From 45dfc4ec66f1e3a16ba44e3e63629503a2ff7f53 Mon Sep 17 00:00:00 2001
From: YeonGyu-Kim <code.yeon.gyu@gmail.com>
Date: Tue, 10 Feb 2026 15:40:06 +0900
Subject: [PATCH] feat(atlas): enforce mandatory manual code review and direct
 boulder state checks

- VERIFICATION_REMINDER: add Step 2 manual code review (non-negotiable)
  - Require Read of EVERY changed file line by line
  - Cross-check subagent claims vs actual code
  - Verify logic correctness, completeness, edge cases, patterns
- Add Step 5: direct boulder state check via Read plan file
  - Count remaining tasks directly, no cached state
- BOULDER_CONTINUATION_PROMPT: add first rule to read plan file immediately
- verification-reminders.ts: restructure steps 5-8 for boulder/todo checks
- Atlas default.ts (Claude): enhance 3.4 QA with A/B/C/D sections
  - A: Automated verification
  - B: Manual code review (non-negotiable)
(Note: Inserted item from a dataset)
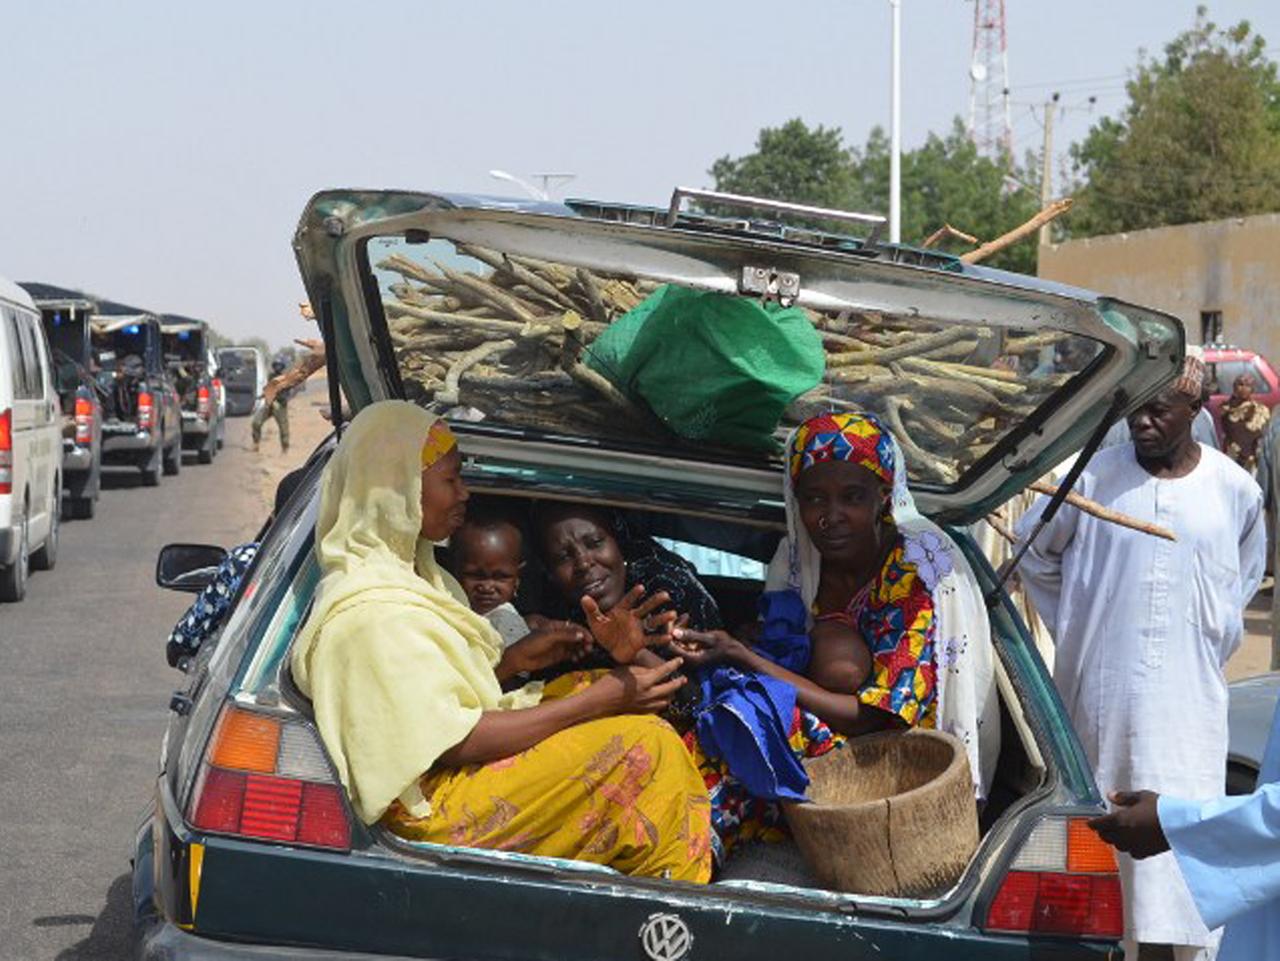 Women and children gather into a car's trunk as villagers flee the village of Jakana, outside Maiduguri, Borno State, Nigeria

  - C: Hands-on QA (if applicable)
  - D: Check boulder state directly
- Atlas gpt.ts (GPT-5.2): apply same QA enhancements with GPT-optimized structure
- verification_rules: update both Claude and GPT versions with manual review requirements

Addresses issue where Atlas would skip manual code inspection after delegation,
leading to rubber-stamping of broken or incomplete work.
---
 src/agents/atlas/default.ts                  | 83 +++++++++++++-------
 src/agents/atlas/gpt.ts                      | 62 ++++++++++++---
 src/hooks/atlas/system-reminder-templates.ts | 33 ++++++--
 src/hooks/atlas/verification-reminders.ts    | 30 +++++--
 4 files changed, 154 insertions(+), 54 deletions(-)
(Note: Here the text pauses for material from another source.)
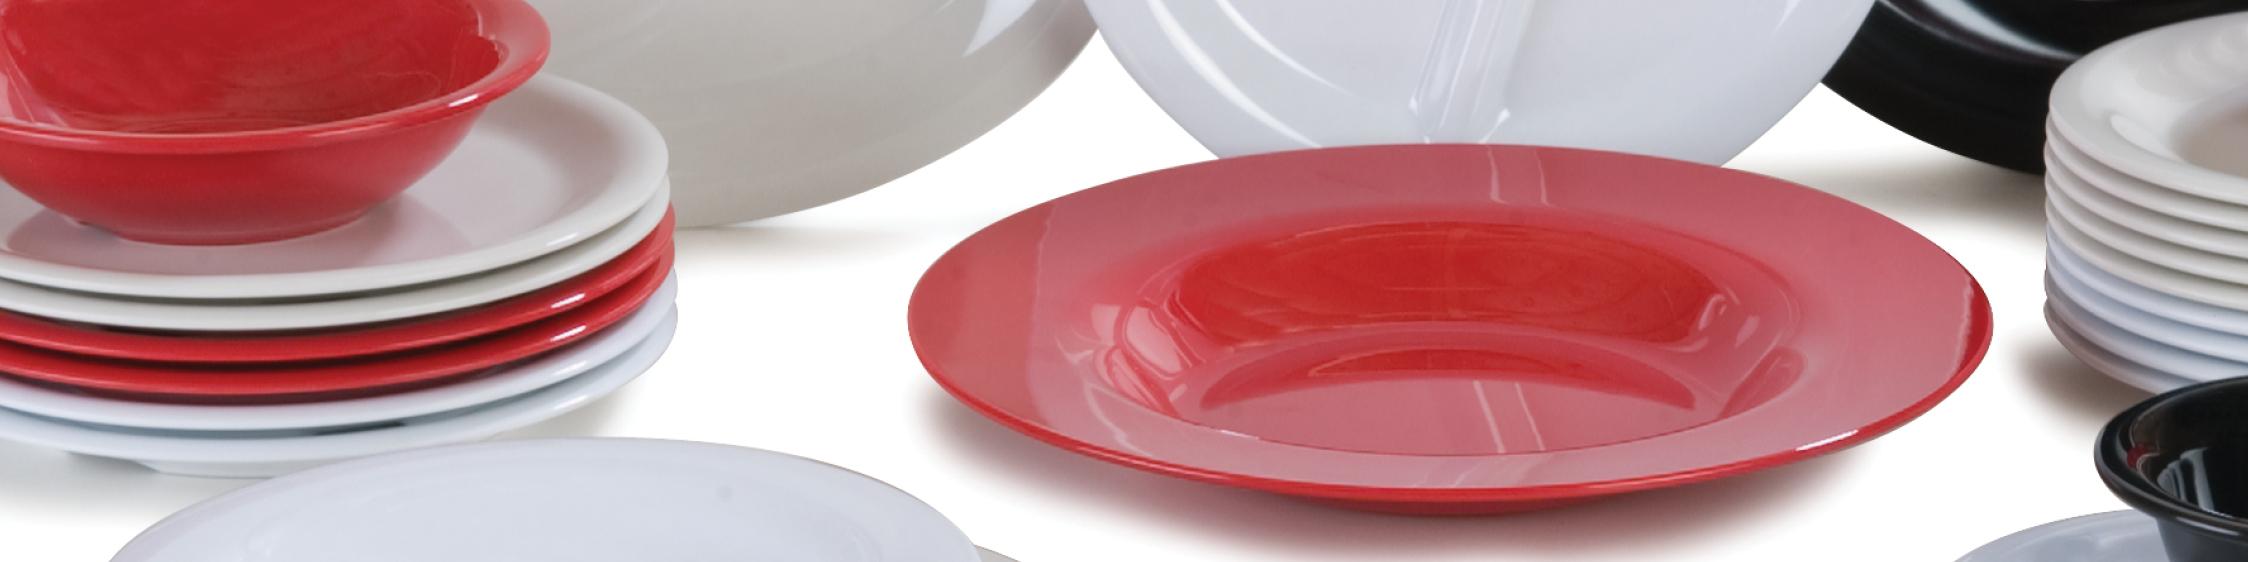 10.5 Pack of 12 Carlisle 3300005 Sierrus 3-Compartment / Divided Melamine Plates Red

diff --git a/src/agents/atlas/default.ts b/src/agents/atlas/default.ts
index 2568d5111..5f3447992 100644
--- a/src/agents/atlas/default.ts
+++ b/src/agents/atlas/default.ts
@@ -178,34 +178,54 @@ task(
 )
 \`\`\`
 
-### 3.4 Verify (PROJECT-LEVEL QA)
+### 3.4 Verify (MANDATORY — EVERY SINGLE DELEGATION)
 
-**After EVERY delegation, YOU must verify:**
+**You are the QA gate. Subagents lie. Automated checks alone are NOT enough.**
 
-1. **Project-level diagnostics**:
-   \`lsp_diagnostics(filePath="src/")\` or \`lsp_diagnostics(filePath=".")\`
-   MUST return ZERO errors
+After EVERY delegation, complete ALL of these steps — no shortcuts:
 
-2. **Build verification**:
-   \`bun run build\` or \`bun run typecheck\`
-   Exit code MUST be 0
+#### A. Automated Verification
+1. \`lsp_diagnostics(filePath=".")\` → ZERO errors at project level
+2. \`bun run build\` or \`bun run typecheck\` → exit code 0
+3. \`bun test\` → ALL tests pass
 
-3. **Test verification**:
-   \`bun test\`
-   ALL tests MUST pass
+#### B. Manual Code Review (NON-NEGOTIABLE — DO NOT SKIP)
 
-4. **Manual inspection**:
-   - Read changed files
-   - Confirm changes match requirements
-   - Check for regressions
+**This is the step you are most tempted to skip. DO NOT SKIP IT.**
 
-**Checklist:**
+1. \`Read\` EVERY file the subagent created or modified — no exceptions
+2. For EACH file, check line by line:
+   - Does the logic actually implement the task requirement?
+   - Are there stubs, TODOs, placeholders, or hardcoded values?
+   - Are there logic errors or missing edge cases?
+   - Does it follow the existing codebase patterns?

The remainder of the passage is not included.